Author's notes: I wrote this randomly because I always wondered what was in Kyouya's notes. Please be nice, this is my first fanfic.
Disclaimer: I do not own Ouran, nor do I own the characters.
Kyouya's Notes
Why? Why must he transfix me so? Why must his every movement be so seductive? Why must I continue to think this way, even though I know that it is wrong to feel for him as I do?
I love him. That is the problem and the answer. I am drawn to him. He lingers in my mind, my head, and my heart. Things he toys with so easily. By now I know him. I know his every movement. But I know not what I want to know the most. His body. How warm would his pale creamy skin be against mine? How soft would his lips be? How bright would his eyes shine with love?
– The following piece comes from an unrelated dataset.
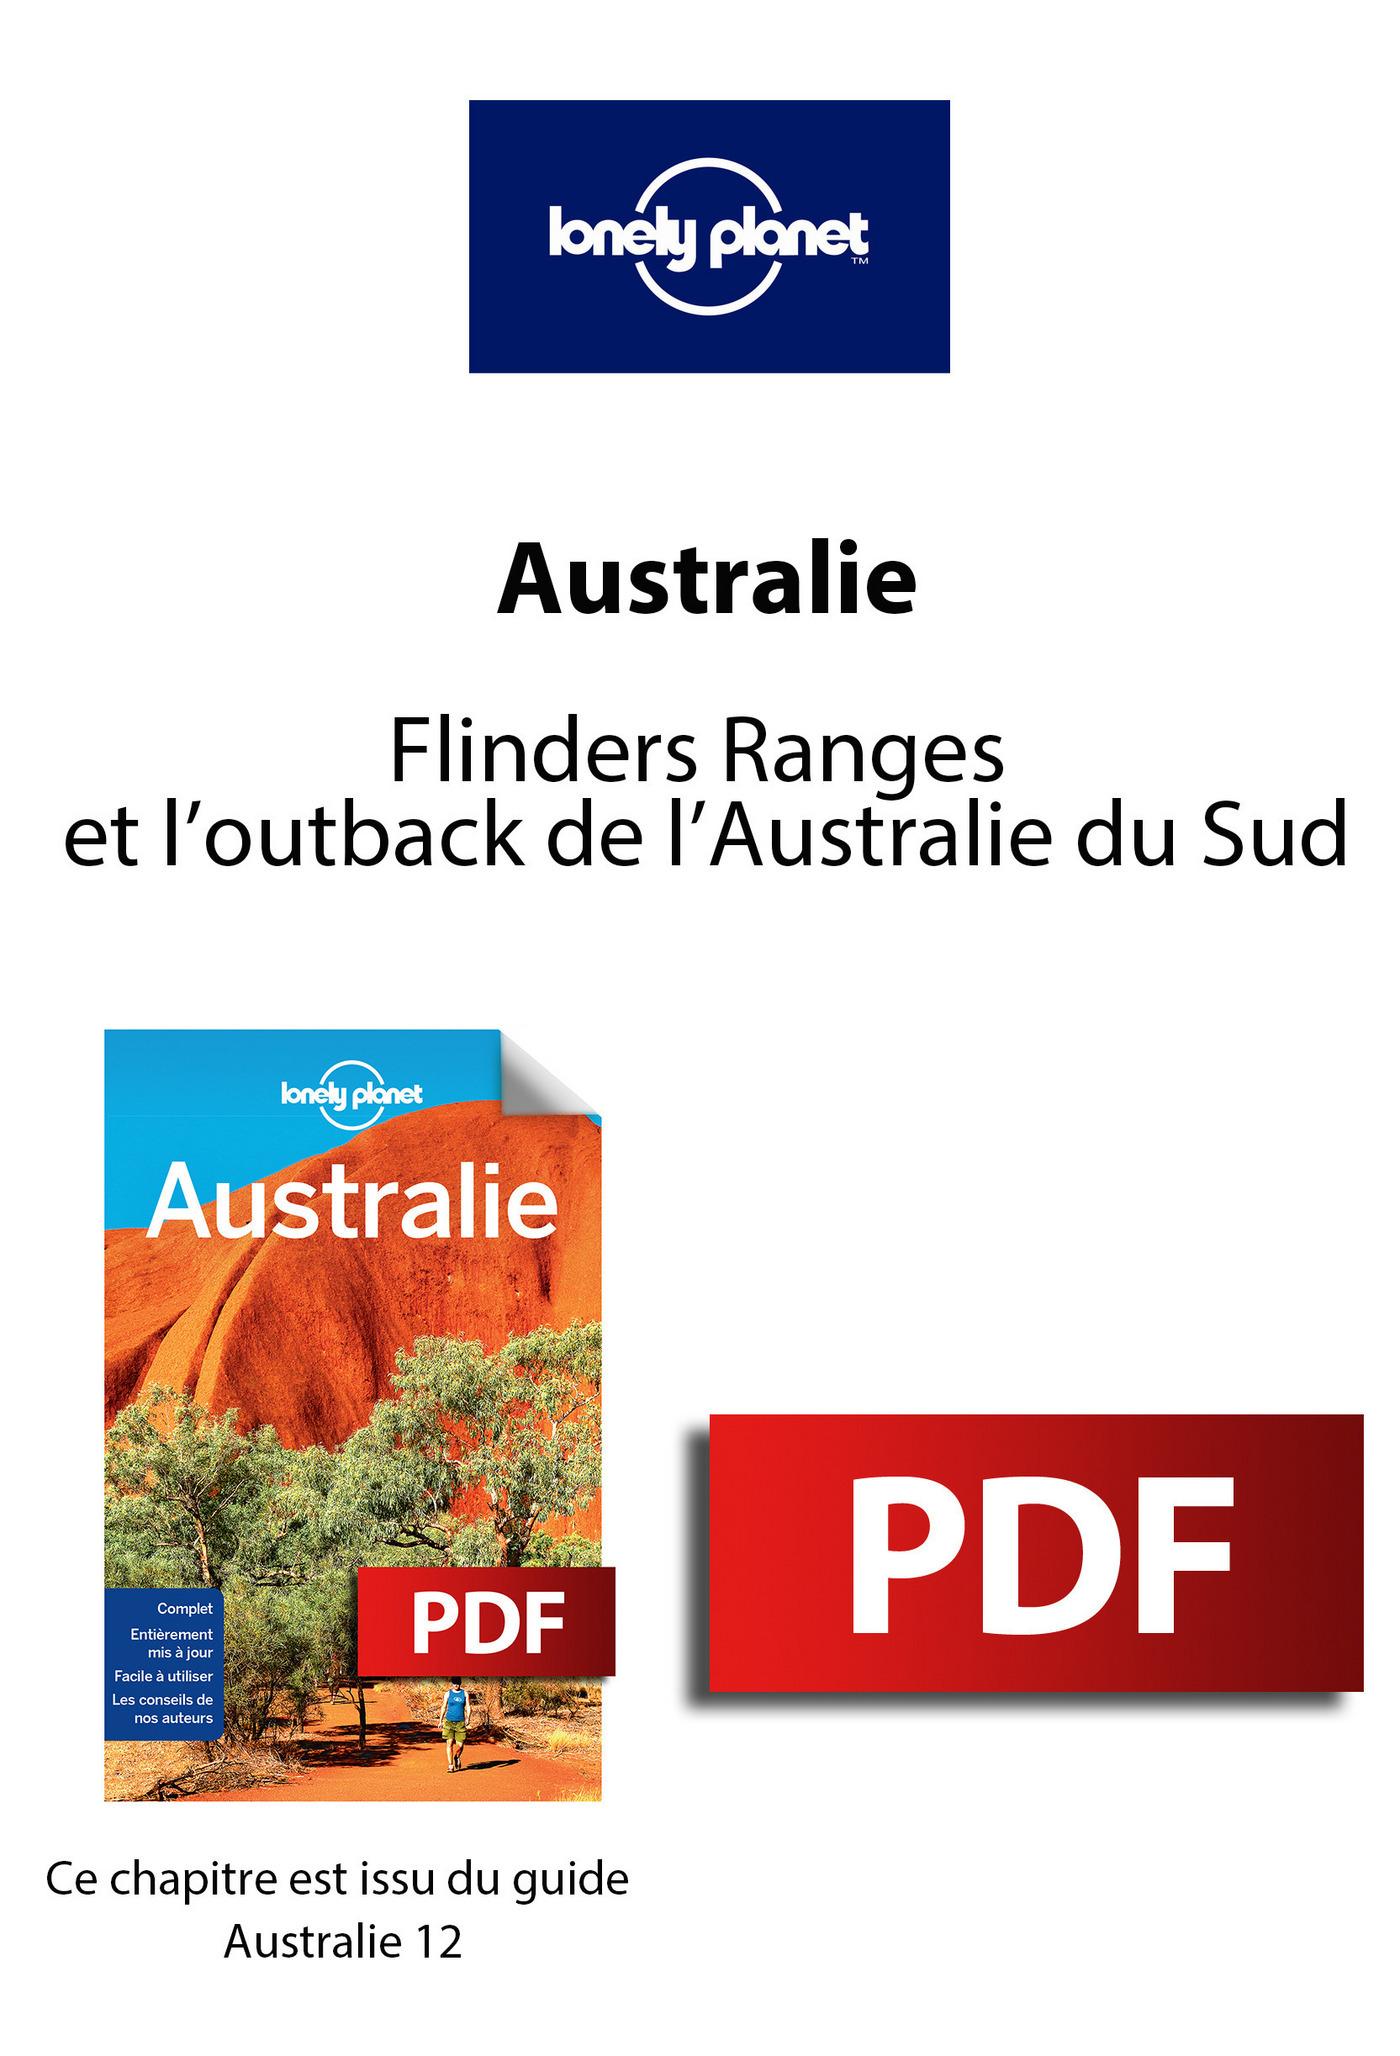 Australie - Flinders Ranges et l'outback de l'Australie du Sud
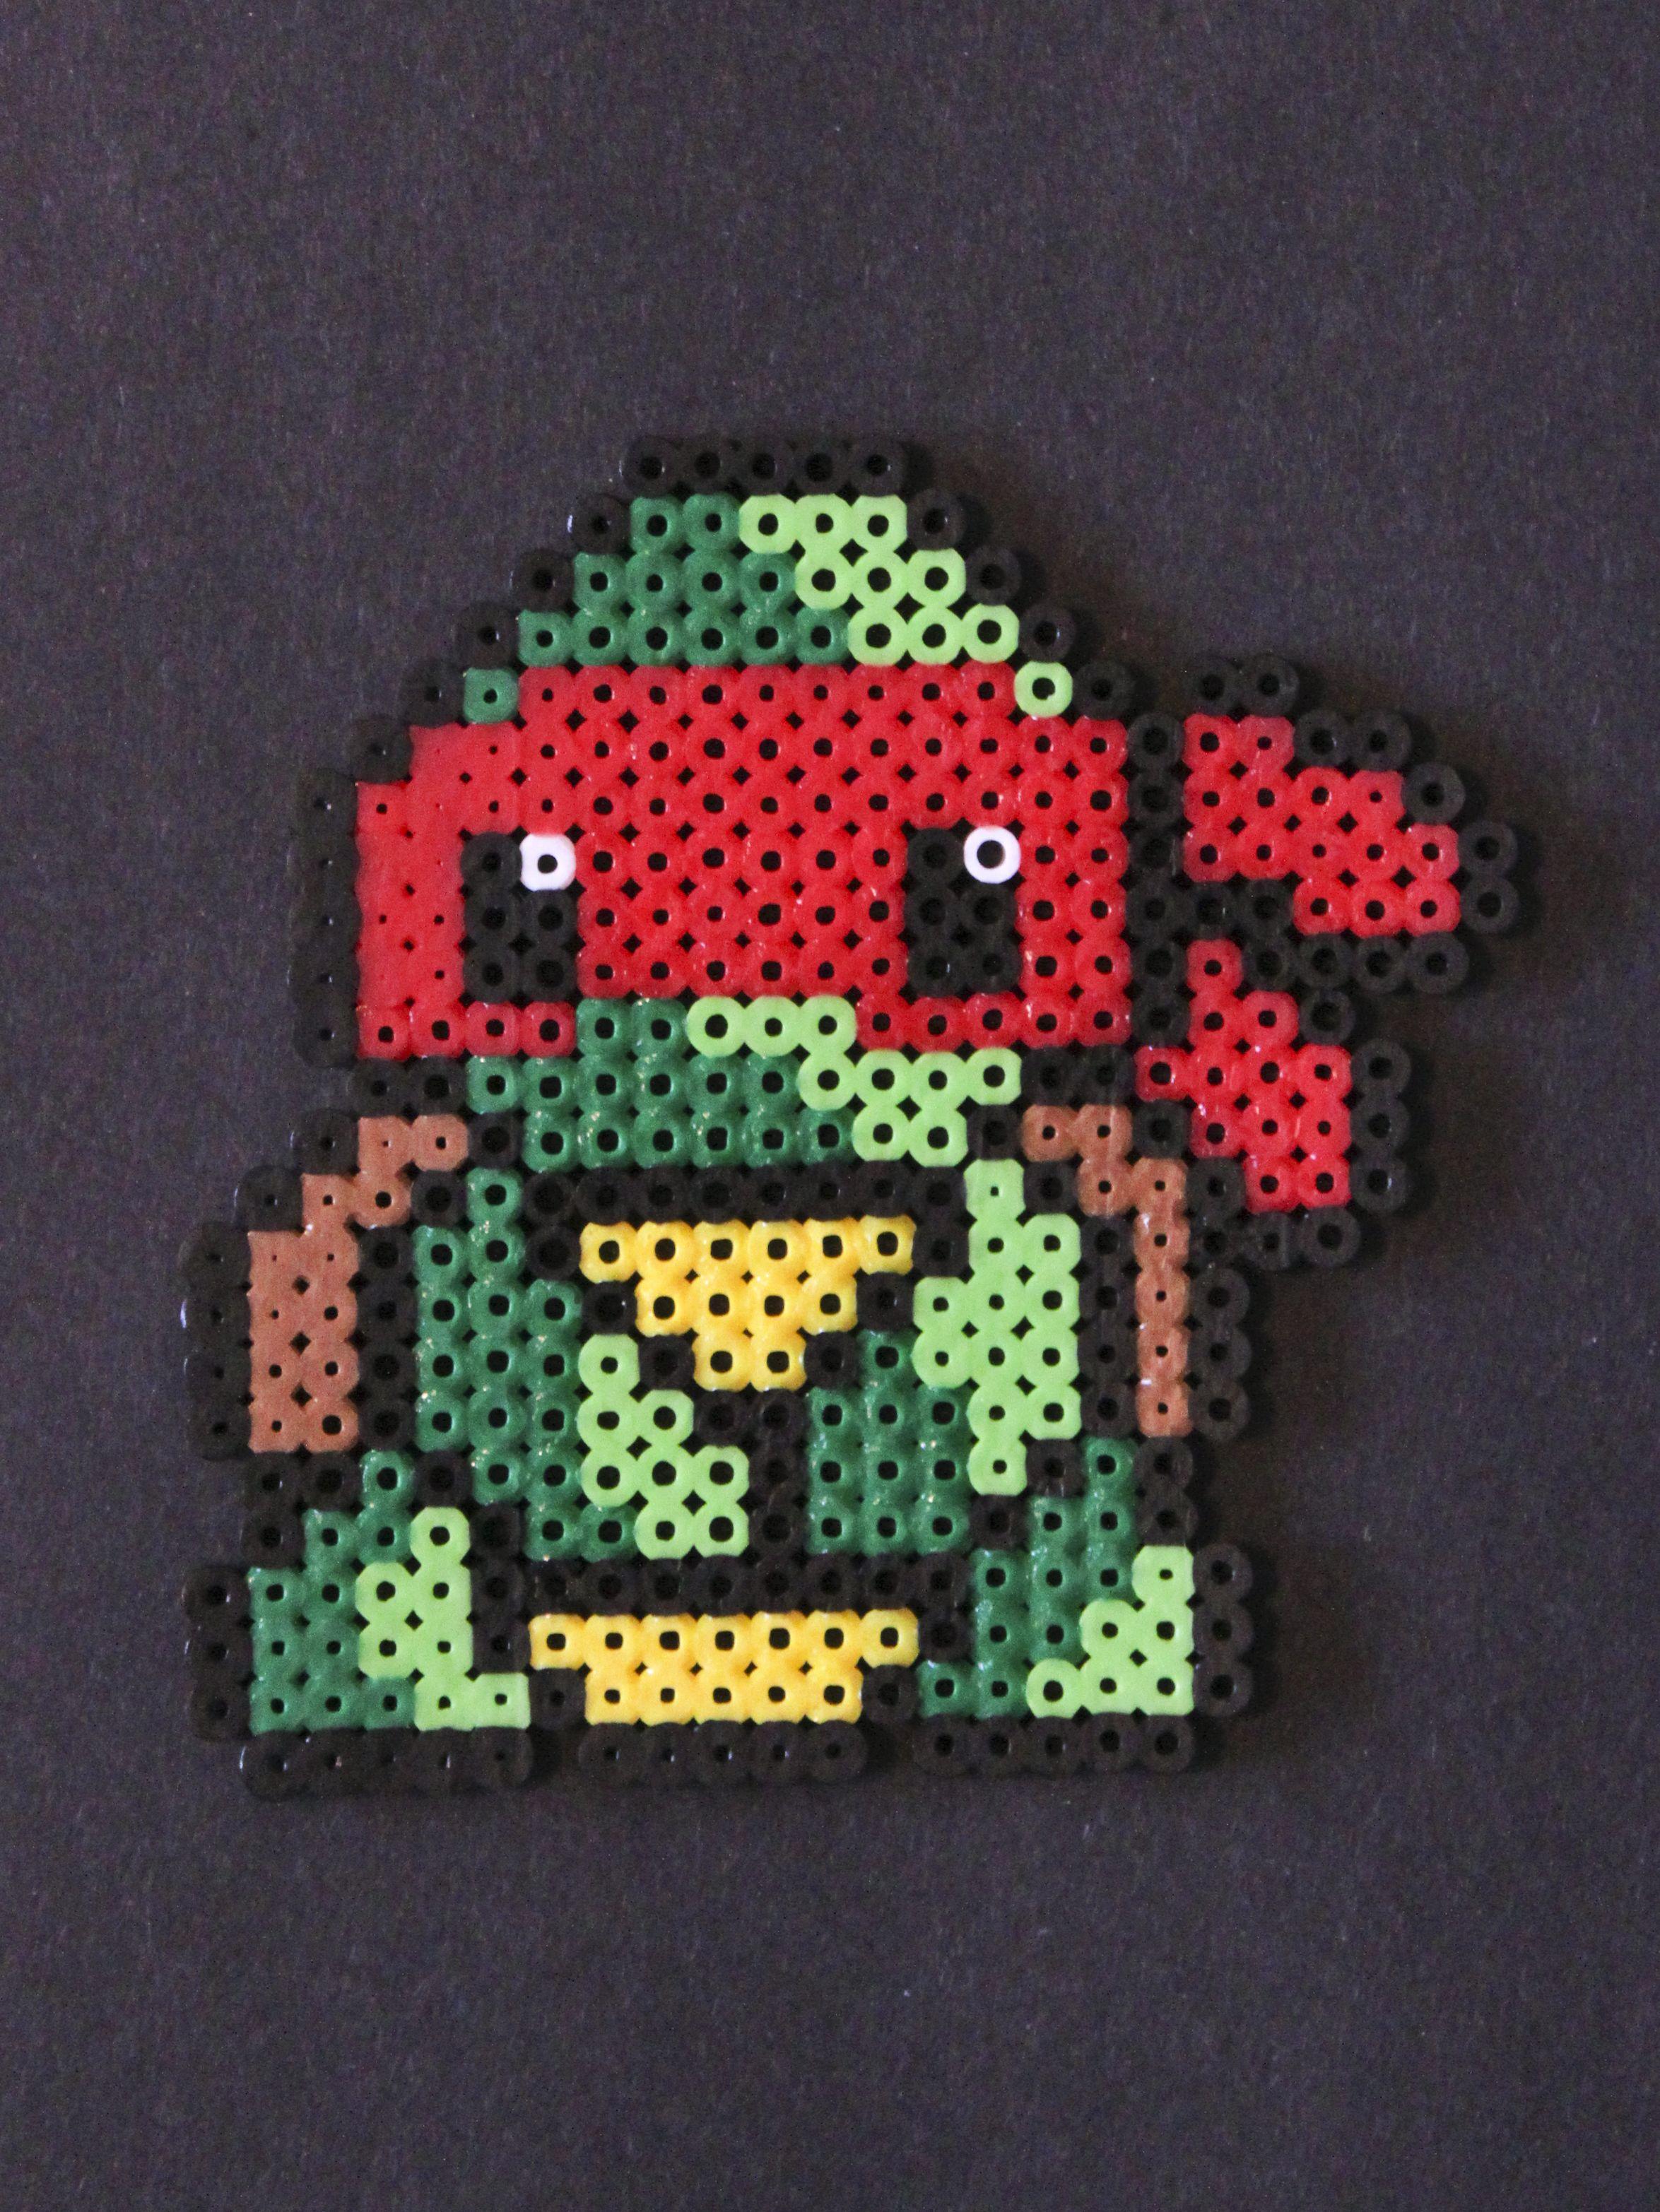 TMNT Raphael perler bead sprite by Kelsey Rushing | Bricolage et ...

I yearn for him so. The need is ever present. I watch him, always watch him; he wonders I know what my notes hold. But if he knew what my notes really held, how would he feel then? Would he laugh at me, call me stupid? Would his glittering purple eyes narrow in disgust, horrified by my thoughts? Would he do as I dream and tell me he loves me? Or, would he do as I fear and shrug these thoughts off completely and walk away?
I worry about what would happen should he read these notes. I love him, but I can't face the reality of what could happen if he reads them. So I continue to write these notes and draw my pictures. I continue to dream of him and I continue to love him from afar, my beautiful love. My Tamaki...
THE END
Sorry, must have been drunk or on drugs when I wrote this. Forgive me?